Set K8S_IMAGE_PULL_POLICY to IfNotPresent or Always for production. The default value of Never is only correct for local kind clusters that have the image loaded directly — on EKS, Never causes pods to fail with ErrImageNeverPull.
After saving all variables, trigger a manual redeploy of both services from the Render dashboard.

Step 4: Verify the deployment

1

Check the web service

Open the web service URL in a browser. You should see the LAP login screen. Log in with MASTER_KEY.
2

Check the worker logs

In the Render dashboard, open the worker service logs and confirm the line reconciler worker started appears.
3

Create an agent and spawn a session

In the web UI, create an agent and click Spawn session.
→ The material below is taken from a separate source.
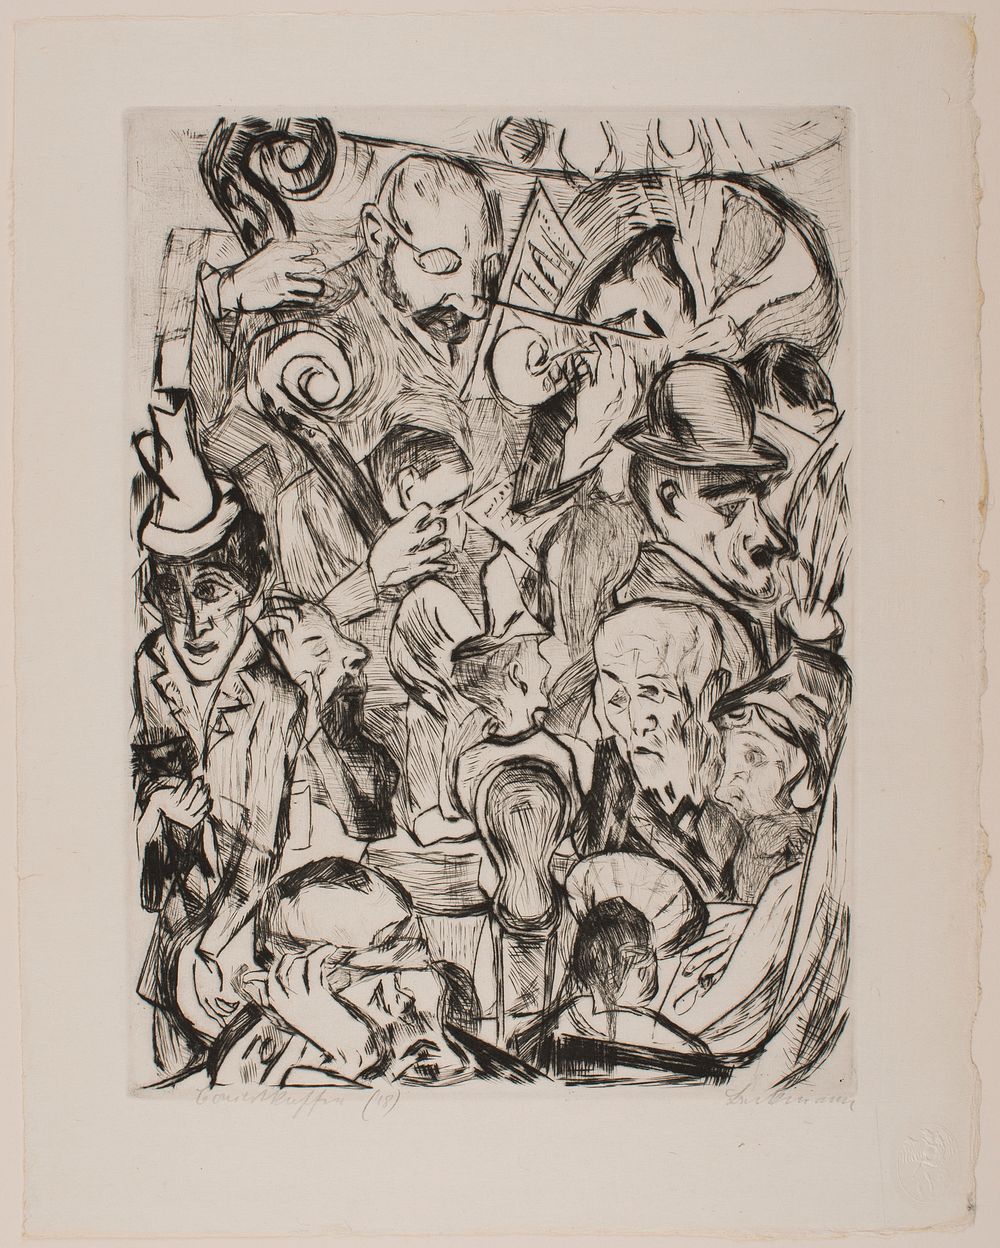 Café Music, plate 9 from the portfolio “Faces” by Max Beckmann

The first cold start takes 30–60 s because the EKS node pulls the harness image from ECR. Subsequent starts with the warm pool active should complete in under 2 s.
4

Point the lap CLI at production

Configure the CLI to talk to your production deployment:
lap login
# Agent platform URL: https://<your-render-web-url>
# Master key:         <MASTER_KEY>
Then open a sandbox:
lap <agent-name>

Day-to-day operations

Update a secret value

kubectl patch secret litellm-env -n default \
  --type='json' \
  -p="[{\"op\":\"replace\",\"path\":\"/data/MASTER_KEY\",
         \"value\":\"$(echo -n 'newvalue' | base64)\"}]"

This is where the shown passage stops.